It doesn't matter if you've just met. Every single detail is shared with great enthusiasm. Apparently, the correct response is to make polite, understanding noises ... and to share your woes when it's appropriate.

Just a few days ago, I ran into someone I'd only met one other time at a business meeting. The conversation quickly turned to running when we both realized the other woman runs, or in her case, ran. We proceeded to each list our wounds and how we've coped. There were about 20 other people in the room, like us, waiting for our meeting to start. We could have talked for hours.

Piriformis syndrome. Knee pain. Tight calves. Back aches. Cross training options.

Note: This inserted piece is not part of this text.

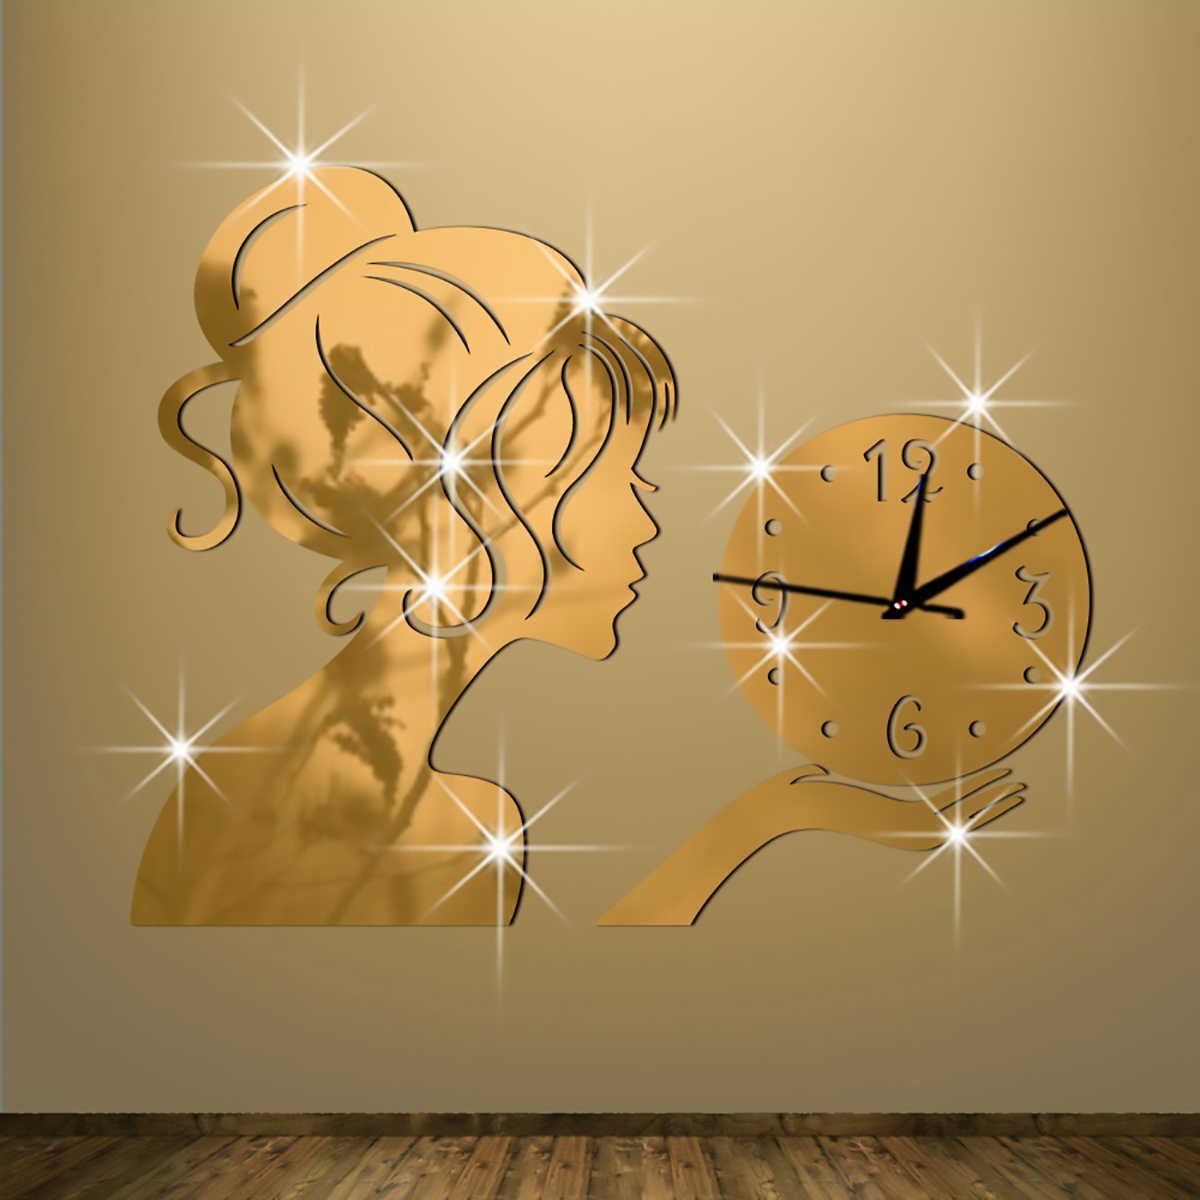 Diy 3D Meisje Spiegel Wandklokken Acryl Quartz Wandklokken Mode Woonkamer Spiegel Muurstickers Office Home Decoratie Hot Nieuwe

This weekend, my sister-in-law who's recently returned to running (way to go, Michelle!) was asking me about knees. I was in the middle of a 7-mile-run through trails, but I could have talked to her for another 45 minutes on this topic alone. New shoes; ice; take an extra rest day; do the right stretches; raise your legs when you can; don't over-do it. You'd think we were 90-year-olds talking about our arthritis and bunions.

Later, I sent her links to Runner's World magazine articles and videos. I spent an inordinate amount of time reading the magazine's online content.  About knees. I was enthralled.

Which begs the question: At what point do the injuries and pain make it so we don't enjoy running?

Yesterday, I wrote about the pain in my butt. Also known as dumb butt syndrome.

So far, it's manageable but certainly not fun. I'm so focused on running my first half marathon that I'm putting up with it for another five weeks. After that? Who knows? I may be forced to deal with the root cause of the pain and maybe even -- grrrrr -- decrease my mileage for a while.

In the meantime, I am rather enjoying writing about what ails me. Now it's your turn. What injuries or pain have you endured to get your run in? What worked? Did it force you to stop running? How did you cope?